▶ WHAT IS REQUIRED
Set the data below down again, exactly, with every picture left out.

▶ SOURCE MATERIAL
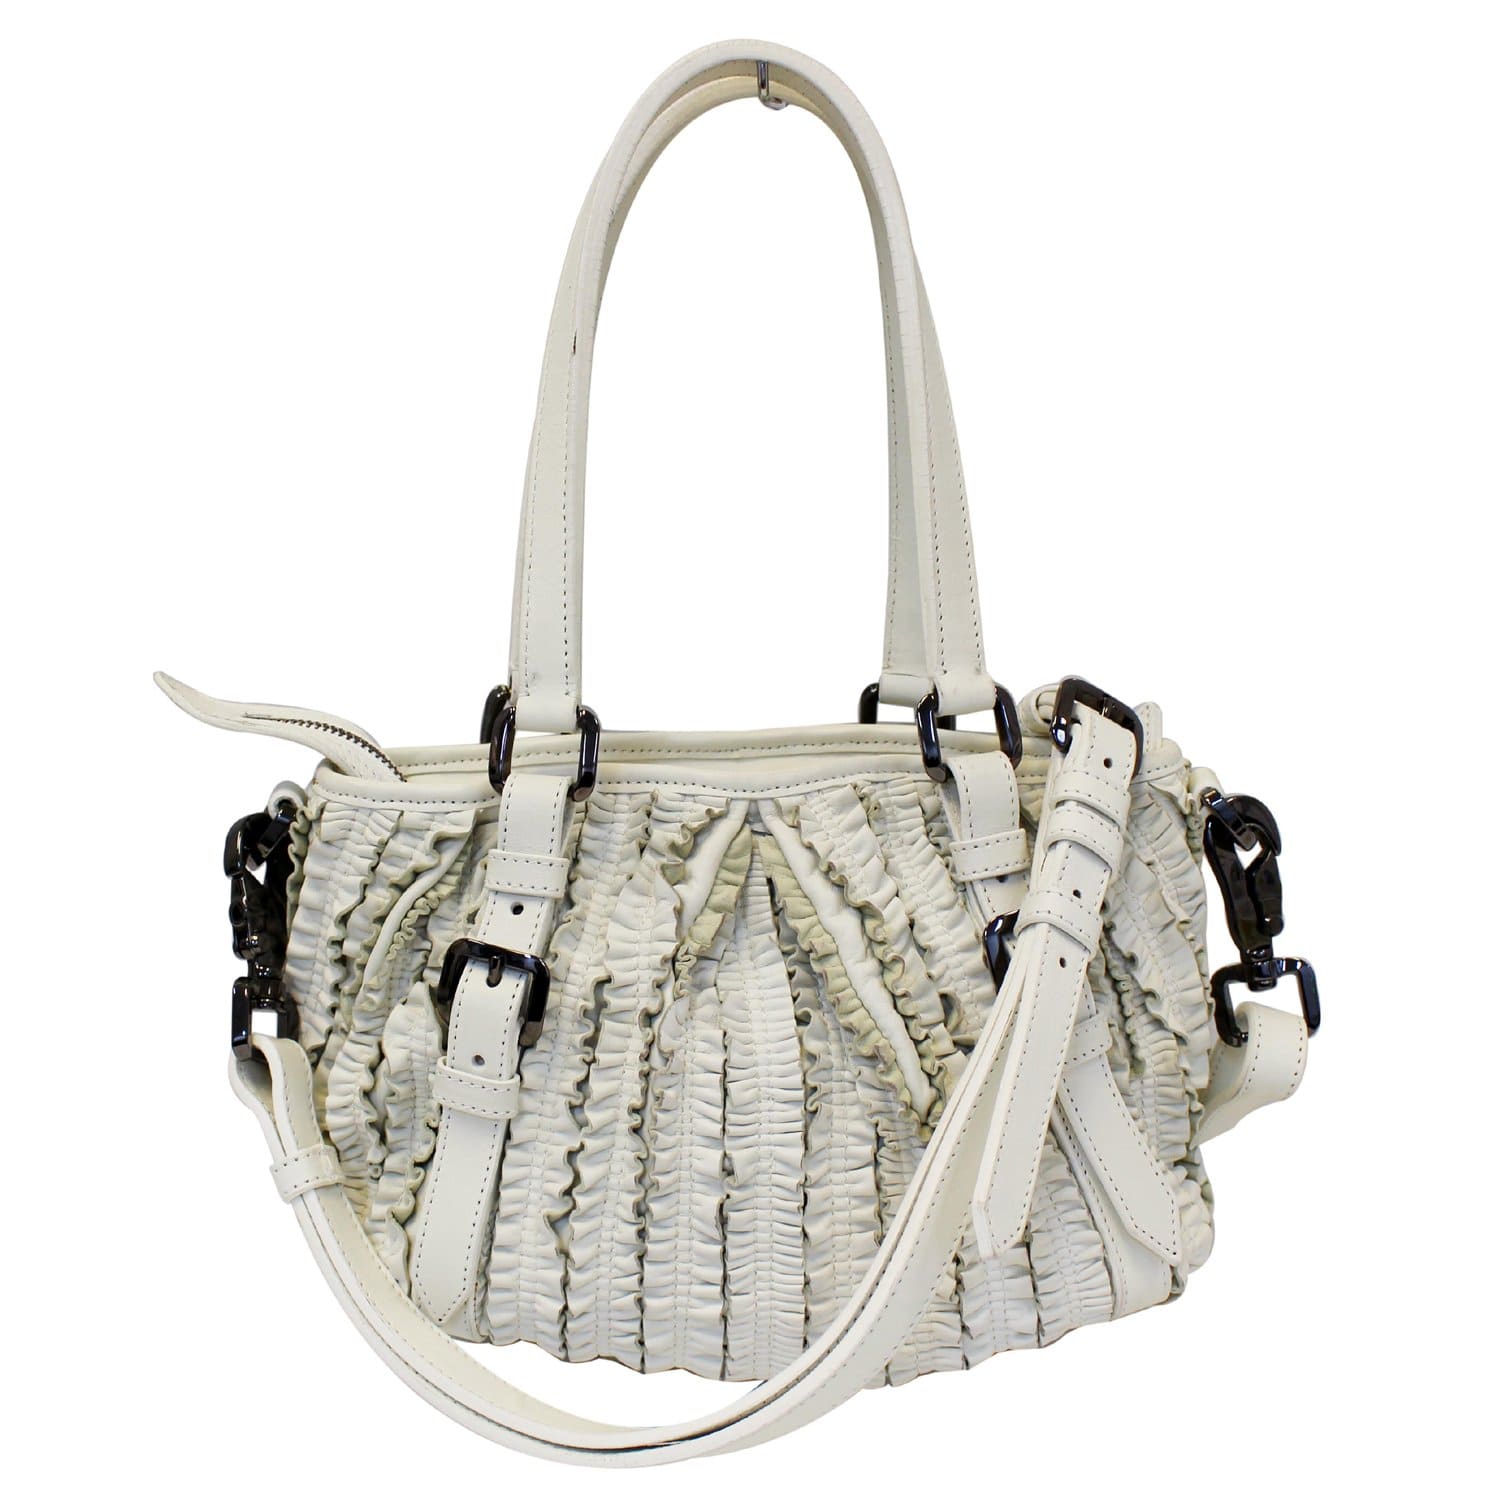 BURBERRY Ruffle Small Lowry White Leather Shoulder Bag-US
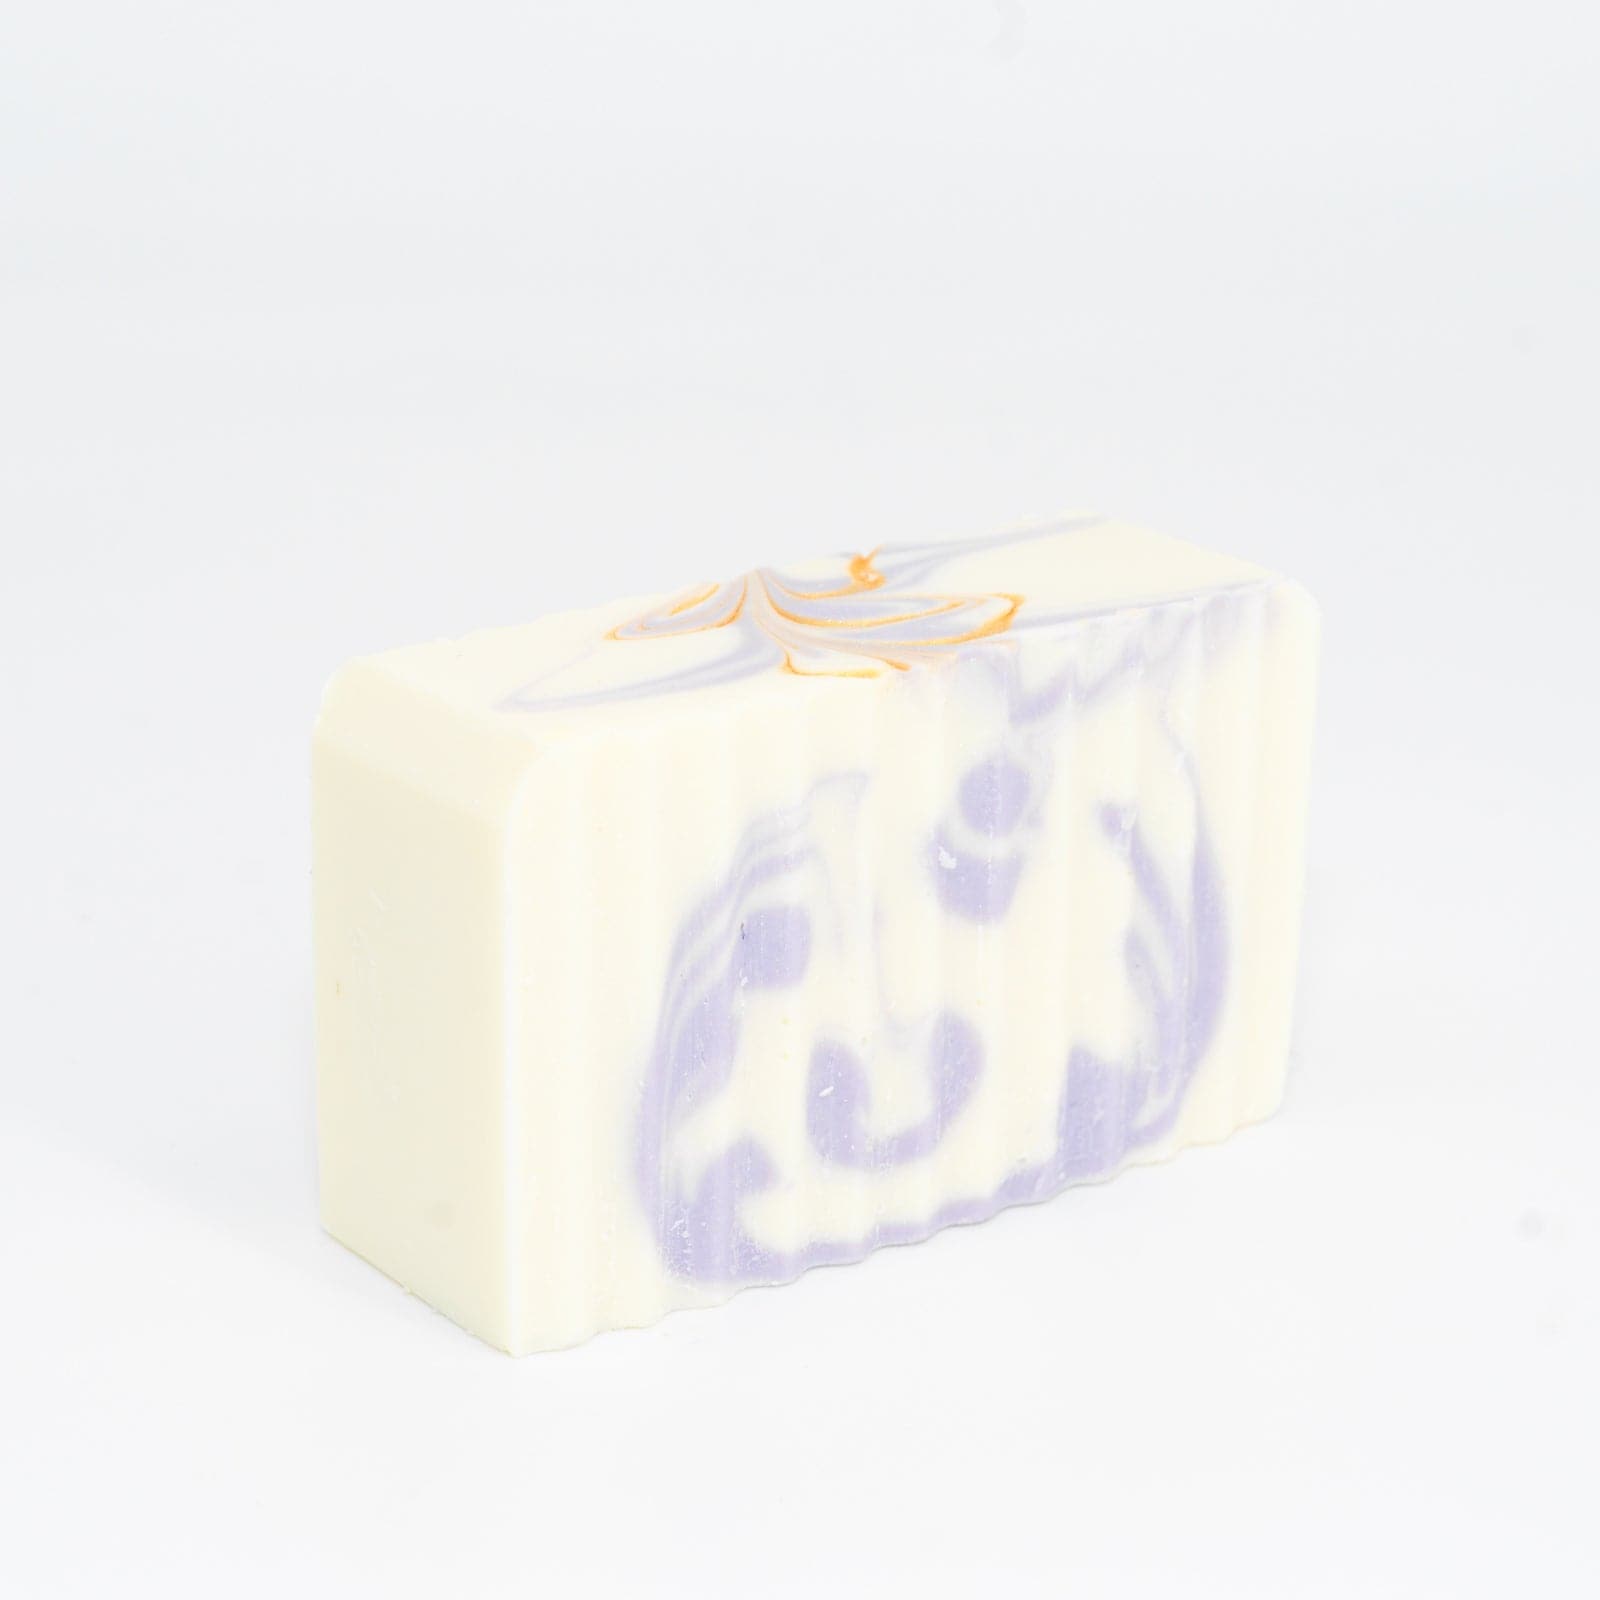 Buff City Soap's lavender scented white shea butter soap with purple and gold highlights
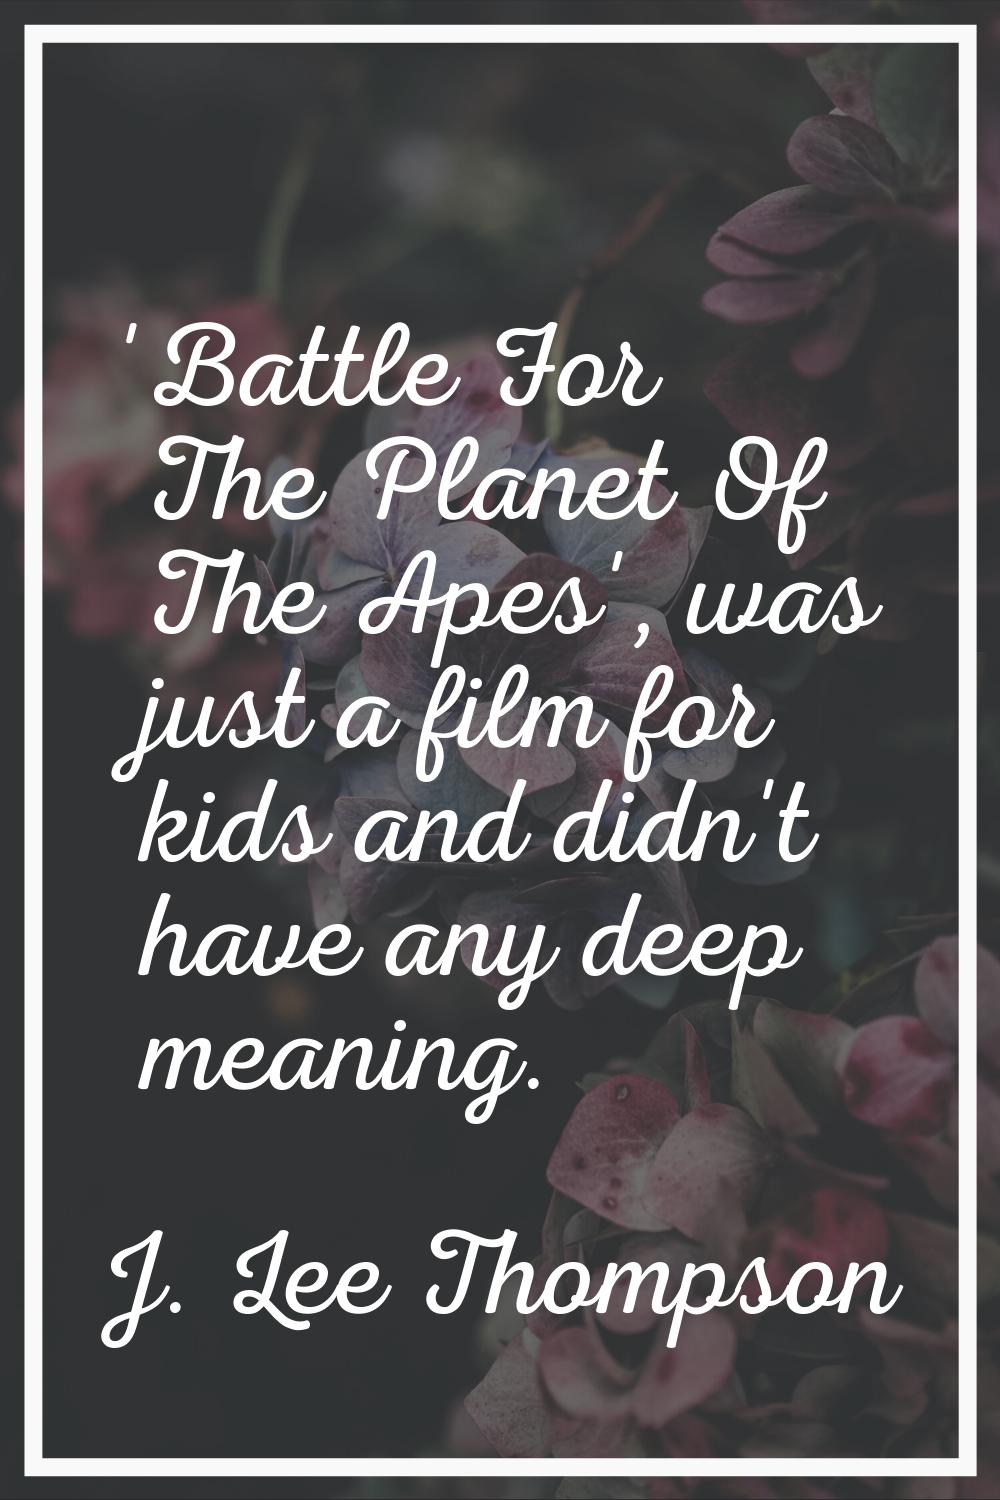 'Battle For The Planet Of The Apes', was just a film for kids and didn't have any deep meaning.

▶ RESPONSE AREA
 BURBERRY Ruffle Small Lowry White Leather Shoulder Bag-US
 Buff City Soap's lavender scented white shea butter soap with purple and gold highlights
 'Battle For The Planet Of The Apes', was just a film for kids and didn't have any deep meaning.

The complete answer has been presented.